• Fondation de Saint-Pierre et conquête de la Martinique

Fondation de Fort Saint-Pierre et conquête de la Martinique

La première expédition officielle française à découvrir la Martinique est menée par Belain d'Esnambuc. Accompagné d'une centaine d'hommes, il débarque sur la côte caraïbe de l'île et commence aussitôt à édifier un comptoir protégé par un petit fortin. Ou comment Saint-Pierre, repère de flibustiers, devient capitale des Antilles françaises.

Ou comment Saint-Pierre, repère de flibustiers, devient capitale des Antilles françaises (1635-1674)
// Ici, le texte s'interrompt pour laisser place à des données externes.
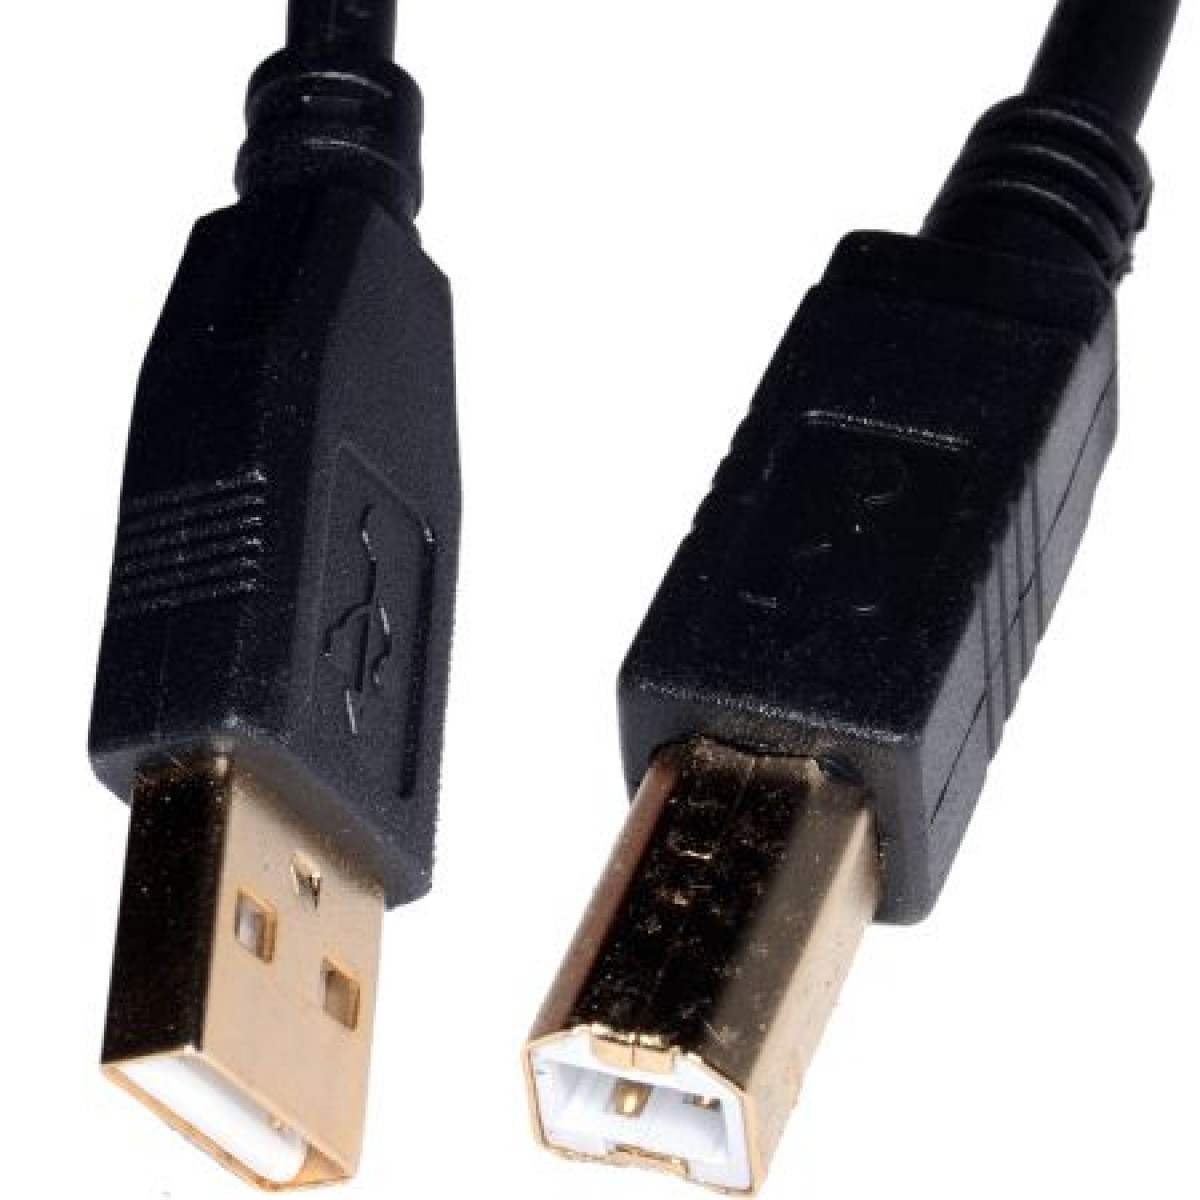 1M USB 2.0 A to B Cable Lead Cord for Connecting Printer ...

C'est dans ce contexte que Belain d'Esnambuc débarque en 1635 sur la côte ouest de la Martinique avec une centaine d'hommes. Quelques escarmouches ont lieu avec la population de l'île, les Caraïbes, mais la supériorité de l'armement européen fait vite la différence. Face aux hommes cuirassés et armés de fusils, les combattants, nus, équipés d'arc et de flèches, sont de peu de poids. Et bientôt, des accords sont passés avec les chefs caraïbes. Ils laissent les hommes de d'Esnambuc s'installer sur la côte. Cruelle erreur. Les français consolident aussitôt leur position et édifient un fortin : Fort Saint-Pierre. En moins de 25 ans, ils prennent le contrôle total de la Martinique. Les Caraïbes sont d'abord repoussés vers la Cabesterre (Presqu'île de la Caravelle), puis exterminés. Leurs derniers combattants se jettent du haut d'un promontoire : le Tombeau des Caraïbes. Ce suicide collectif marque la fin d'une époque. Les français sont désormais seuls sur l'île.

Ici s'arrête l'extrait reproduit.